Goal of the exercise:
Write out the entire listing below exactly, with the pictures left out.

Available data:

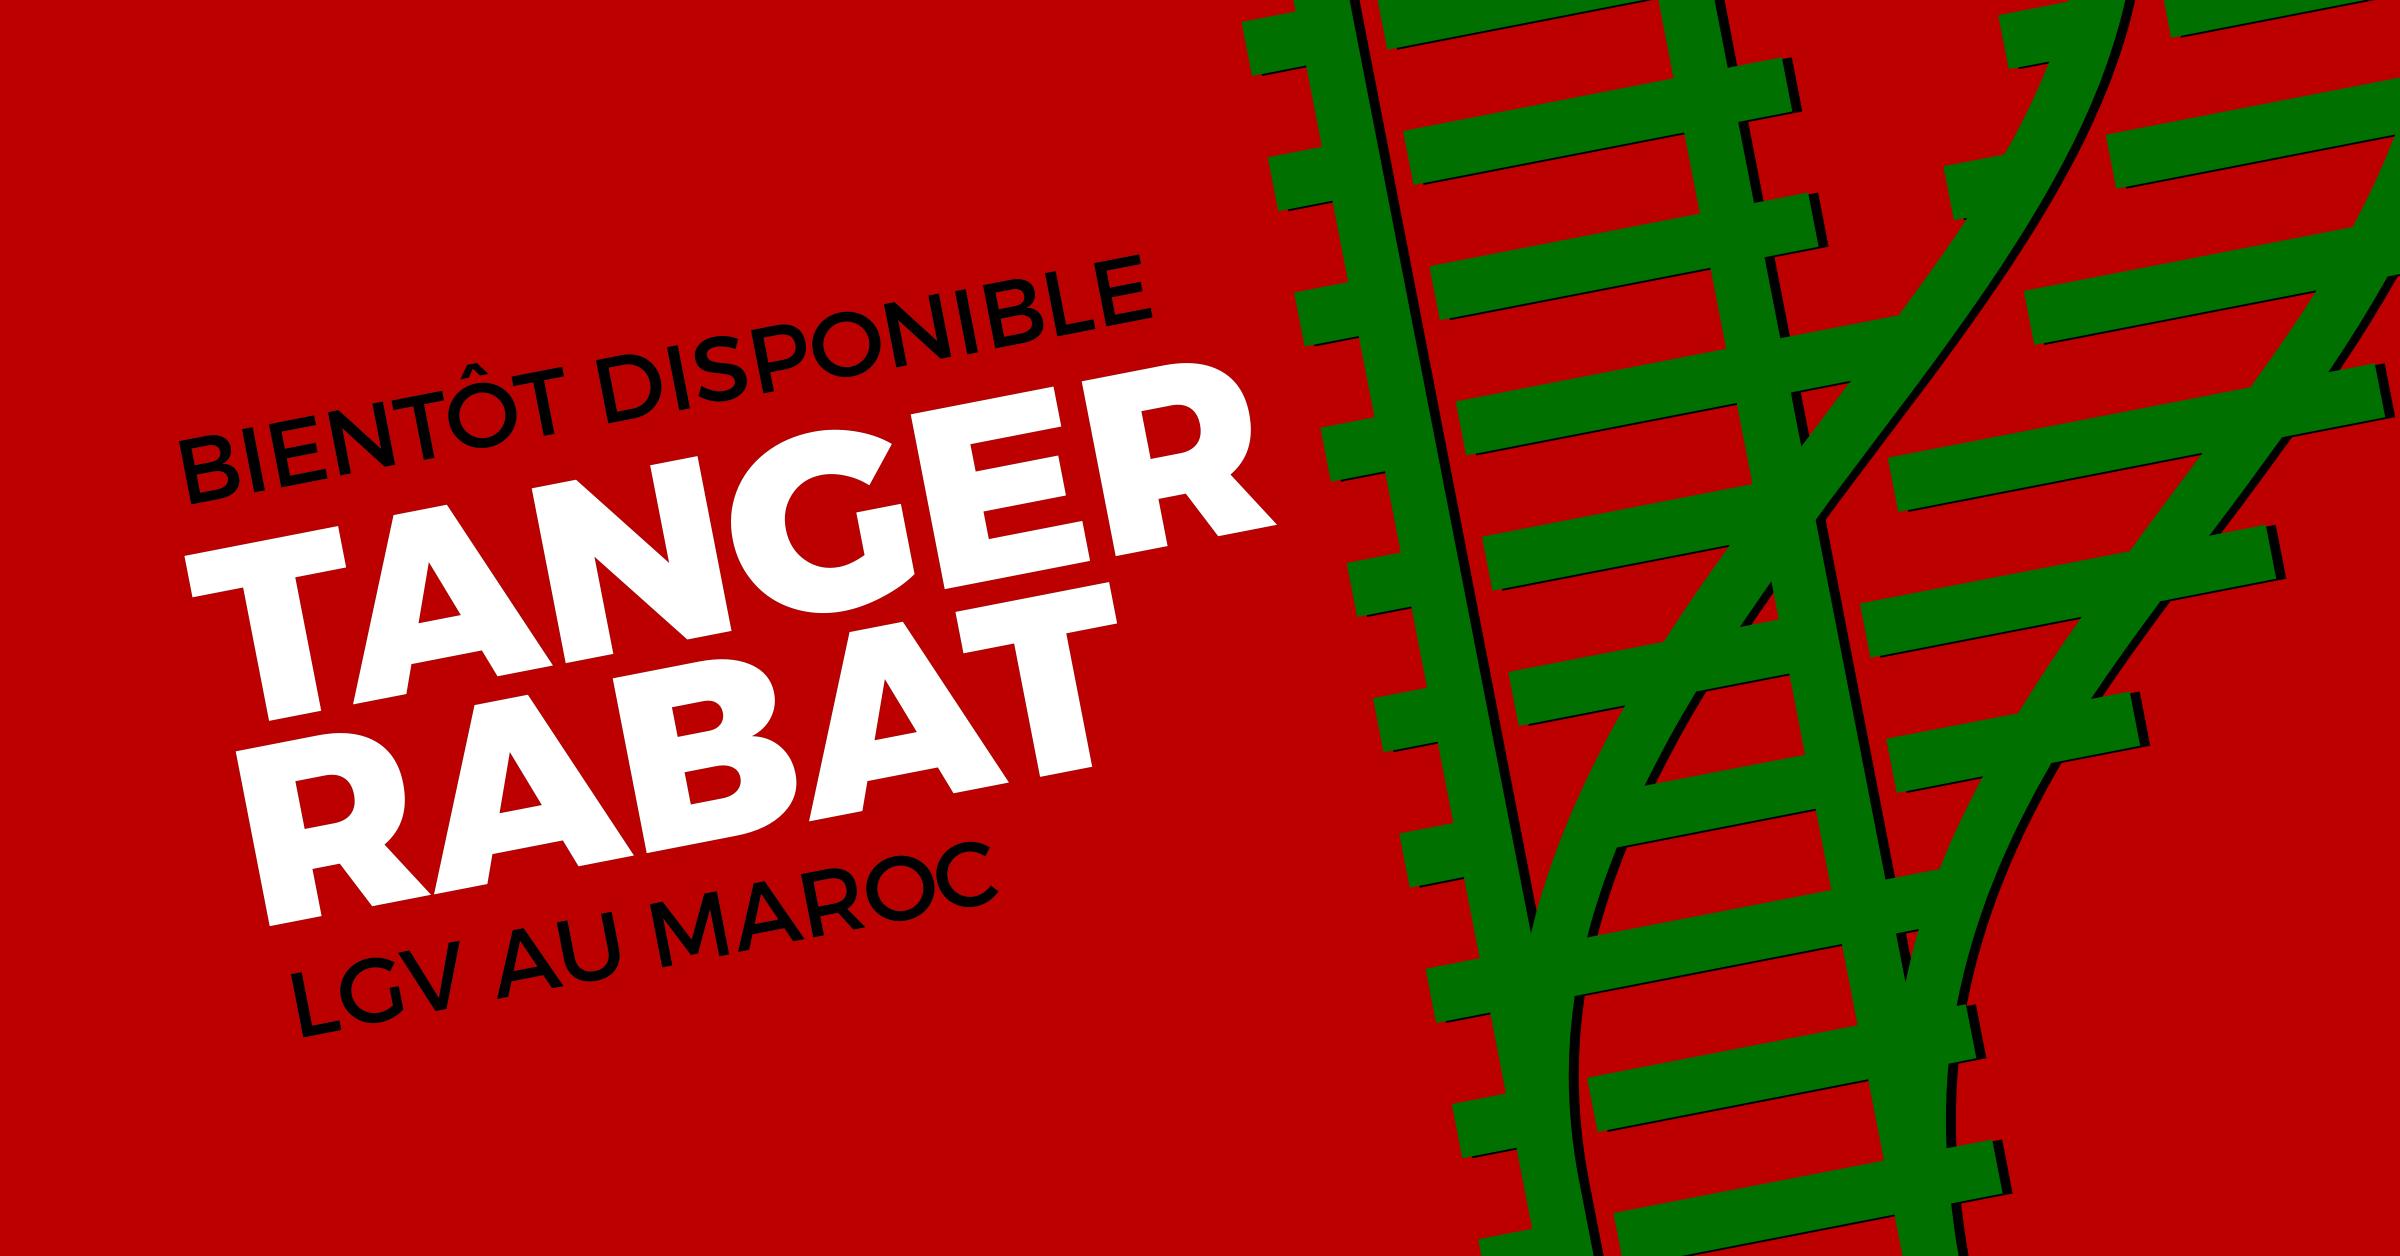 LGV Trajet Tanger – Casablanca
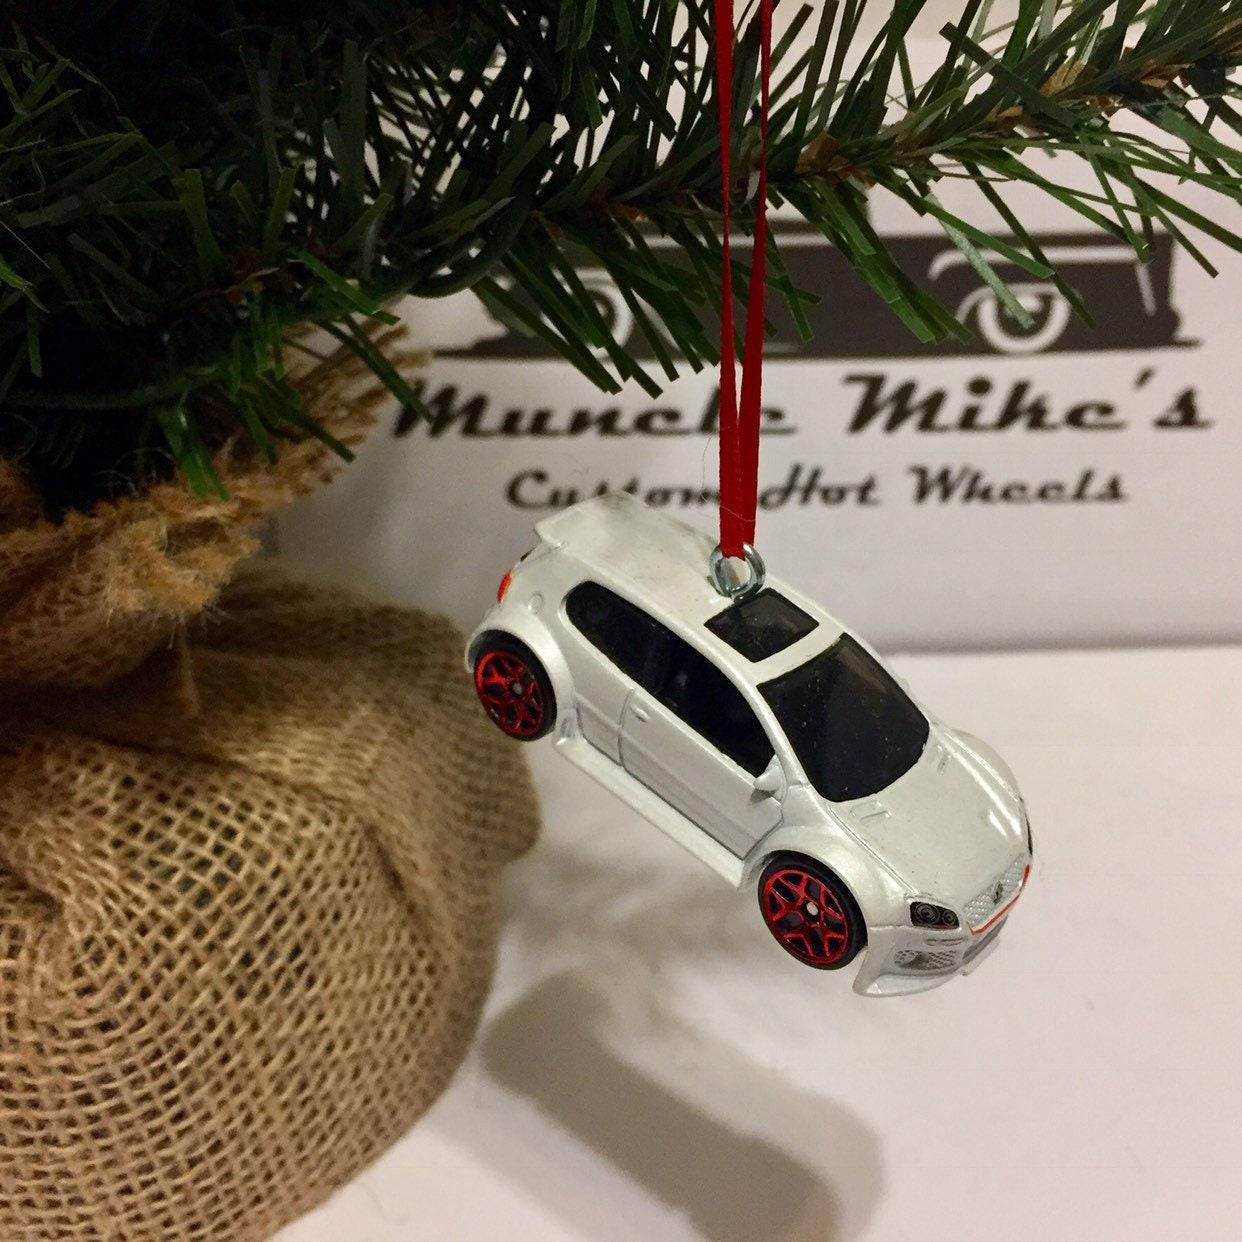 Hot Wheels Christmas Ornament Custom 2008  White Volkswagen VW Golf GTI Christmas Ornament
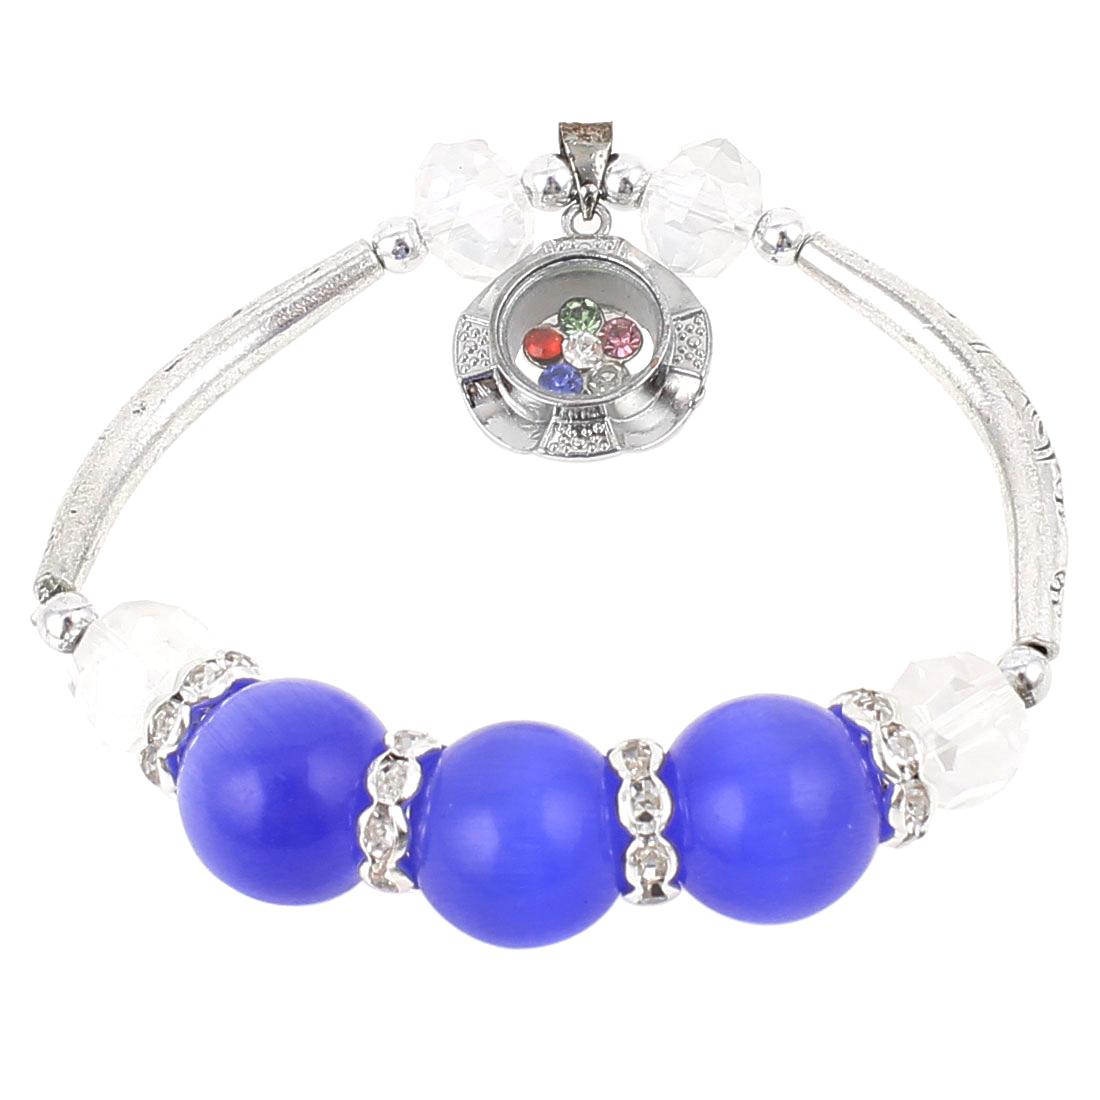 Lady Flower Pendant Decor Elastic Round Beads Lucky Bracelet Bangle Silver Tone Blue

Written answer:
 LGV Trajet Tanger – Casablanca
 Hot Wheels Christmas Ornament Custom 2008  White Volkswagen VW Golf GTI Christmas Ornament
 Lady Flower Pendant Decor Elastic Round Beads Lucky Bracelet Bangle Silver Tone Blue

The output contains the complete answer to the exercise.